Se si pensa un attimo a questa domanda possono venire in mente davvero moltissime cose che hanno profondamente rivoluzionato la nostra vita: basti citare i progressi nella chirurgia e nella medicina, le automobili e gli aeroplani, l’elettricità o la televisione, oppure teorie scientifiche fondamentali come quella sulla evoluzione, la relatività, la genetica, e via dicendo. La lista è lunga, e ognuno può sbizzarrirsi a trovare altre risposte. In realtà, la maggior parte degli intervistati concordò sul fatto che l’invenzione di maggiore impatto degli ultimi mille anni è quella dovuta a Johannes Gutenberg, il celebre libraio tedesco attivo a Mainz nel XV secolo a cui si deve l’introduzione della stampa a caratteri mobili.
Nel 1455 Gutenberg utilizzò per la prima volta questo procedimento e iniziò quella che fu una vera e propria rivoluzione: la libera circolazione di idee e conoscenze.
[A sinistra: Johannes Gutenberg (1390-1468)]
Sino a quel momento, i libri erano scritti a mano (i famosi incunaboli) ed erano ovviamente estremamente costosi, nonché difficilmente accessibili, preservati com’erano nelle biblioteche dei monasteri.
Si è stimato che al tempo di Gutenberg esistessero non più di 20-30.000 libri in tutto il mondo; di questi la maggior parte erano Bibbie. Solo 50 anni dopo l’introduzione del processo di stampa, erano stati pubblicati oltre 30.000 titoli diversi per un totale di 12 milioni di copie.
Il costo dei libri crollò, e conoscenza e cultura iniziarono a diffondersi su porzioni sempre più ampie di popolazione, contribuendo in modo decisivo al rapido sviluppo del pensiero filosofico, del progresso scientifico e della conoscenza.
[A destra: La prima Bibbia stampata]
Se tutti conoscono Gutenberg e la sua fantastica invenzione, solo pochi sono consapevoli del fatto che il processo di diffusione della cultura basato sulla stampa a caratteri mobili si fonda su due tecnologie fondamentali: da un lato la capacità di Gutenberg (esperto metallurgista) di preparare leghe metalliche di piombo, antimonio e stagno per fabbricare i caratteri mobili in grado di non deformarsi sotto la pressione di una pressa a vite; dall’altro la disponibilità di un supporto efficace su cui imprimere i caratteri inchiostrati come la carta.
La carta è fatta di fibre vegetali ed è stata inventata in Cina intorno al 150 d. C. Ci volle molto tempo prima che questo materiale e la tecnologia per produrlo arrivassero in Europa, prima in Italia (a Fabriano) e quindi nel resto del continente. Questo avvenne infatti intorno al 1100, quasi mille anni dopo la sua introduzione. Tutto ciò mostra come rivoluzioni importanti come quella di Gutenberg non partano dal nulla ma spesso si basino sulla introduzione di nuovi materiali e tecnologie.
Che cosa ha a che fare la storia di Gutenberg e della sua invenzione con le nanotecnologie?
Proviamo a parafrasare la domanda che ci siamo posti all’inizio domandandoci qual è la più importante invenzione o scoperta degli ultimi cento anni. Anche in questo caso la risposta non è affatto scontata. Il progresso scientifico e tecnologico dell’ultimo secolo è stato impressionante e ha cambiato in modo radicale non solo il modo di vivere, ma anche di pensare.
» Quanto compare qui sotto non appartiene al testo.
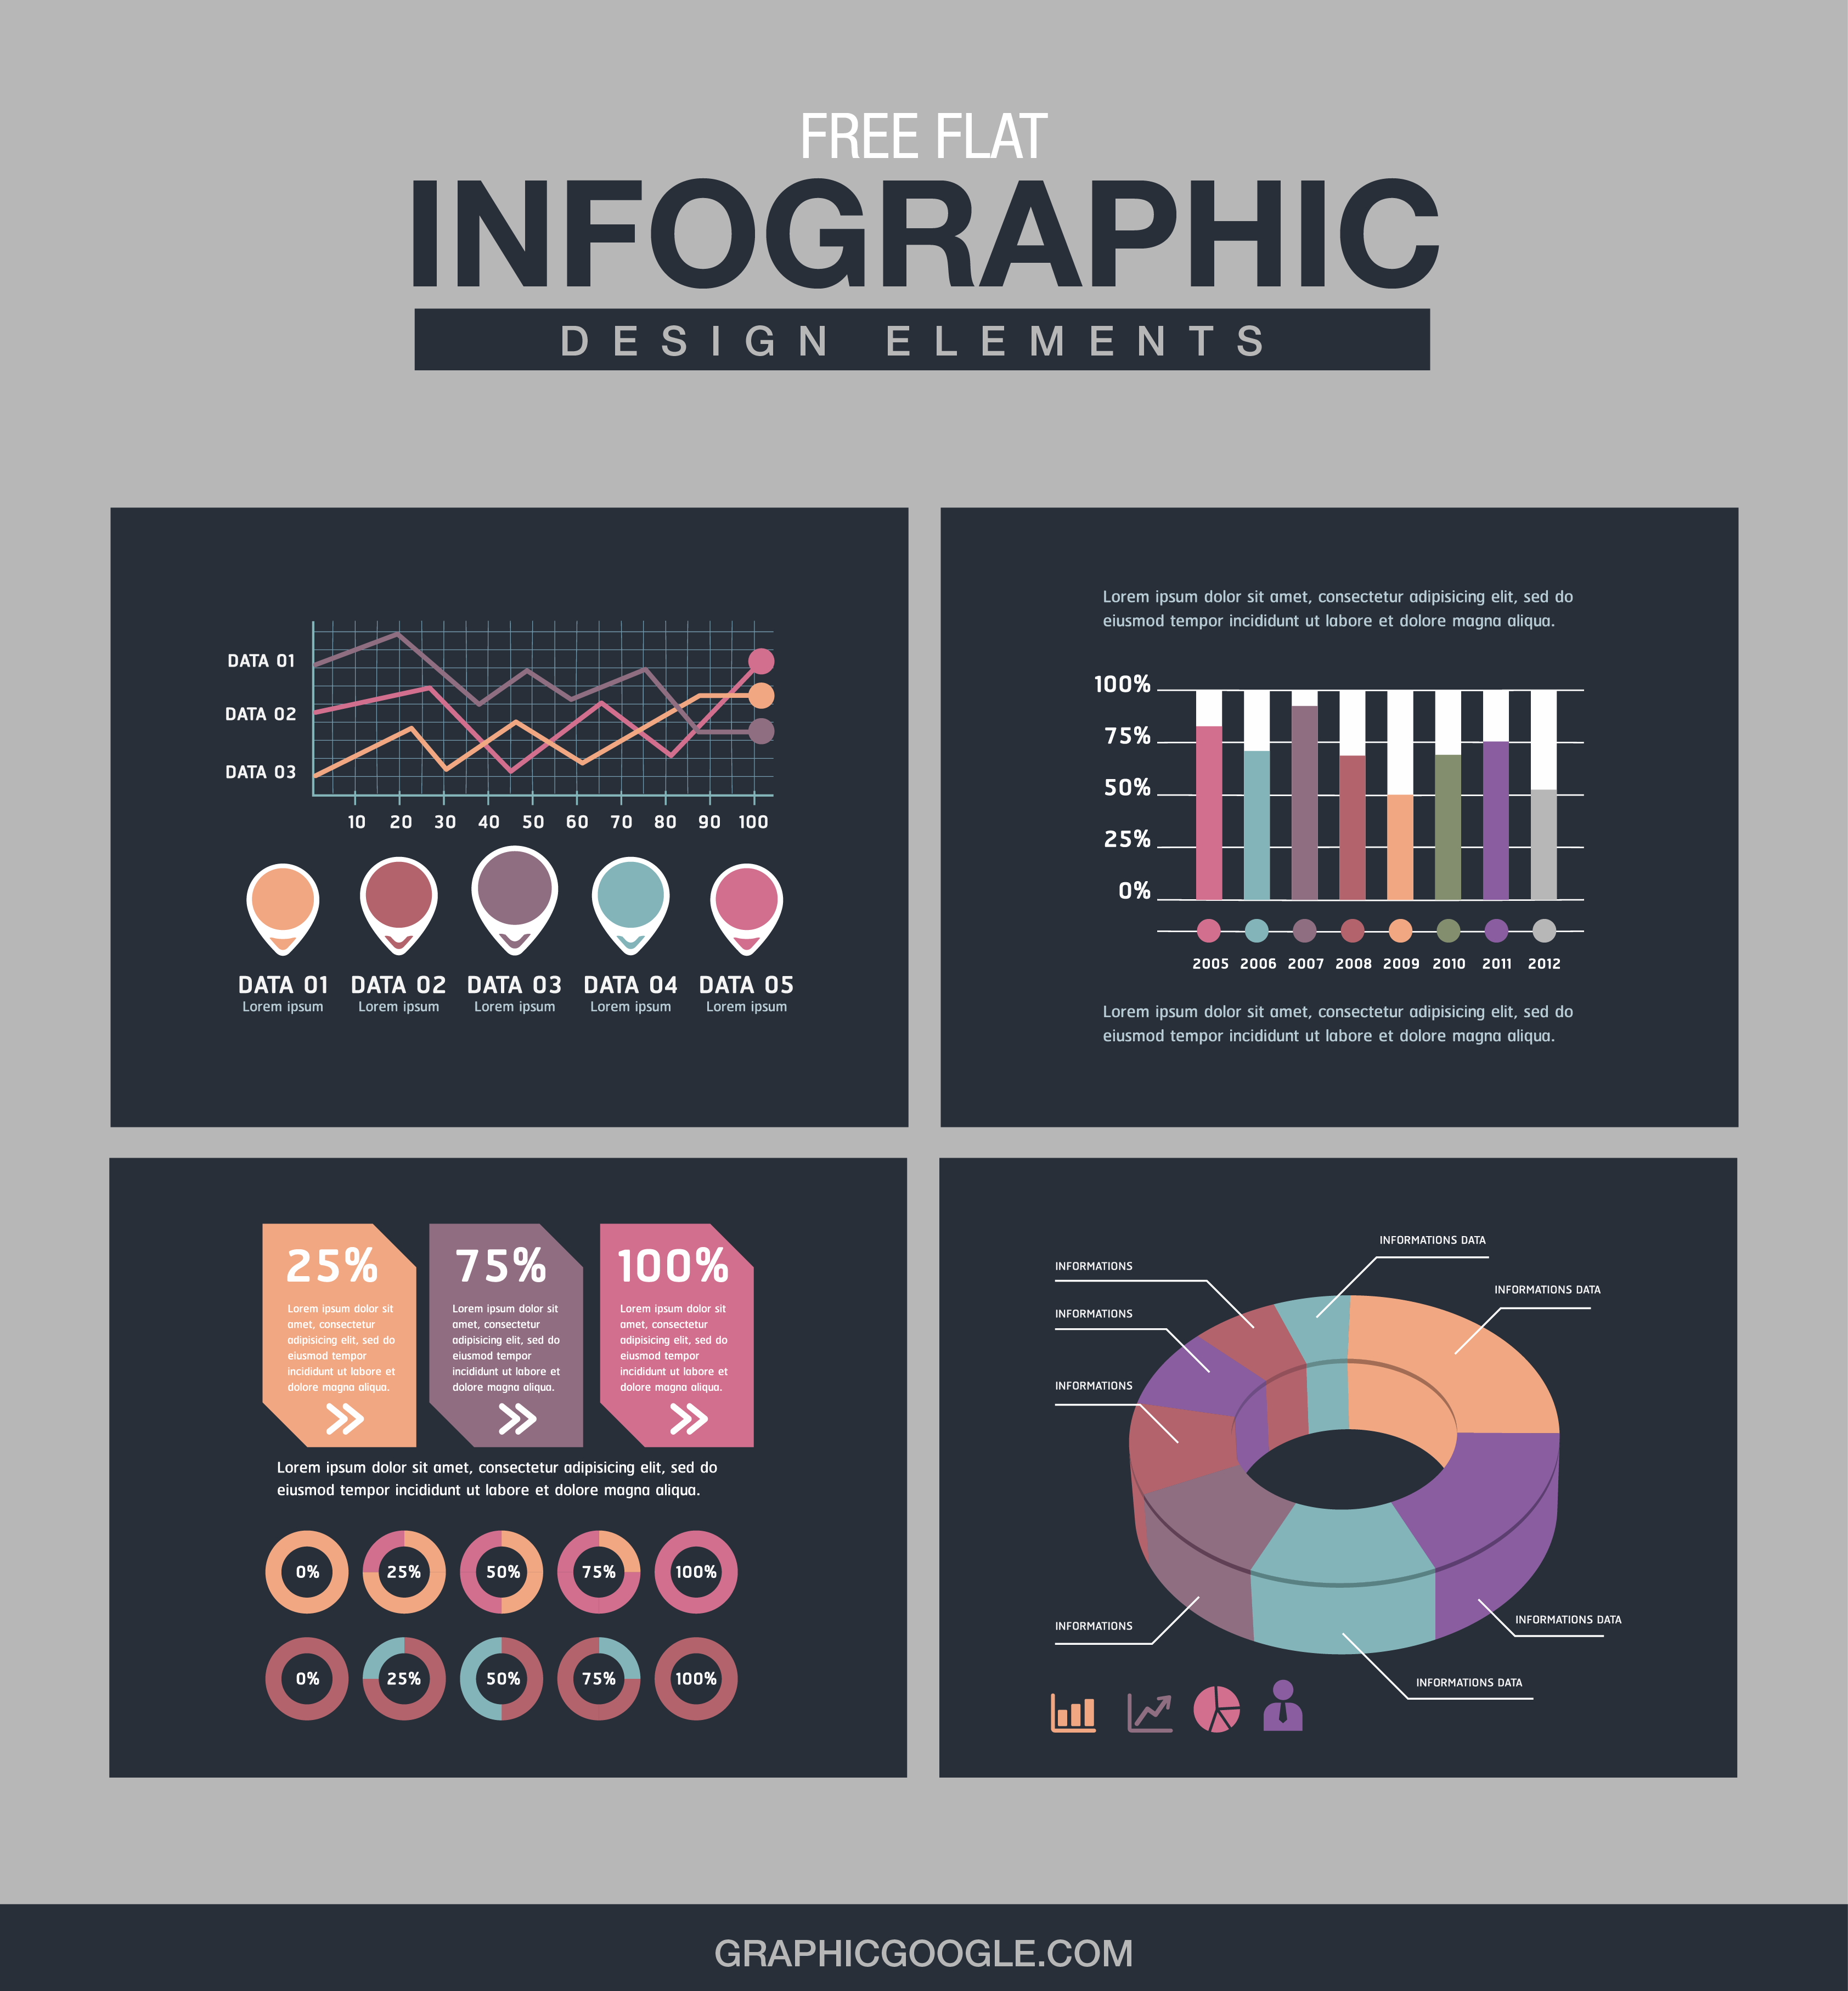 Top 5 Trends In Infographic Design Company To Watch. - Creative Infographic Design Company ...

Tra i successi maggiori della ricerca dell’ultimo secolo si potrebbero citare gli antibiotici, il mondo del DNA, le esplorazioni spaziali, le telecomunicazioni, il computer o il trapianto di organi, e chi più ne ha più ne metta. In realtà, la maggiore rivoluzione tecnologica dell’ultimo secolo è un’altra: internet.

 

 

Internet: la rivoluzione moderna

 

Internet rappresenta una rivoluzione epocale, la cui portata cominciamo ad apprezzare solo ora, e che pertanto può a buona ragione essere affiancata alla rivoluzione rappresentata dalla stampa a caratteri mobili.
Nello stesso modo in cui quest’ultima tecnologia ha consentito un salto di qualità nell’accesso all’informazione e alla conoscenza, internet ha aperto scenari inimmaginabili anche solo quindici – vent’anni fa, rendendo disponibili con un click del mouse quantità impressionanti di informazioni e contribuendo in modo radicale alla creazione di quel villaggio globale che è oggi il mondo in cui viviamo.
Il primo web-server fu messo in funzione da Tim Berners-Lee al CERN di Ginevra nel 1992, e il nome internet, dal latino intra e dall’inglese net, fu introdotto poco dopo.
[A sinistra: Il primo web server (1992)]
È però solo attorno al 1995 che internet cominciò a diffondersi tra la gente comune, per poi crescere a velocità davvero impressionanti.
Oggi si stima che ci siano circa 1.5 miliardi di computer in rete collegati via internet, con qualcosa come 15-20 miliardi di pagine web accessibili, di fatto una quantità pressoché illimitata di informazione, ma anche un cambiamento profondo e radicale di come si comunica e ci si mette in relazione con altre persone (basti pensare alla posta elettronica, a fenomeni come Skype, Twitter o Facebook).
Bene, nello stesso modo in cui l’invenzione di Gutenberg si basava su alcuni materiali di recente introdotti, anche internet si basa su materiali e tecnologie di nuova e nuovissima generazione. Non solo tecnologie: anche e soprattutto nanotecnologie! Ecco quindi che per capire quale è la portata della rivoluzione nanotecnologica non c’è bisogno di illustrare progressi e sviluppi prossimi futuri, basta citare risultati che già fanno parte della nostra vita di tutti i giorni.
Ovviamente, il tutto non è cominciato all’improvviso, ma ha avuto uno sviluppo lento e progressivo, tanto che le nanotecnologie sono entrate nelle nostre case, nei nostri uffici, ma anche nelle nostre borse o nelle nostre tasche in silenzio, senza fragore. Così come carta e leghe metalliche sono state alla base della stampa, così internet parte da quattro tecnologie fondamentali che hanno stravolto gli ultimi cinquant’ anni: il transistor, i supporti magnetici, il laser, e le fibre ottiche.



 

 

Il transistor e la nascita della microelettronica

 

Il primo transistor fu messo a punto alla fine del 1947 da William Shockley, John Brattain e Walter Bardeen che per questa scoperta ricevettero il premio Nobel per la fisica nel 1956.
Era fatto di germanio, un elemento semiconduttore, ed era di dimensioni macroscopiche, misurando alcuni centimetri per lato.
[A destra: Il primo transitor (1947)]
In realtà si era solo all’inizio della rivoluzione microelettronica. Pochi anni dopo la scoperta, erano già in produzione industriale transistor di pochi millimetri di lato. Venivano usati nelle radio al posto delle pesanti, voluminose e fragili valvole.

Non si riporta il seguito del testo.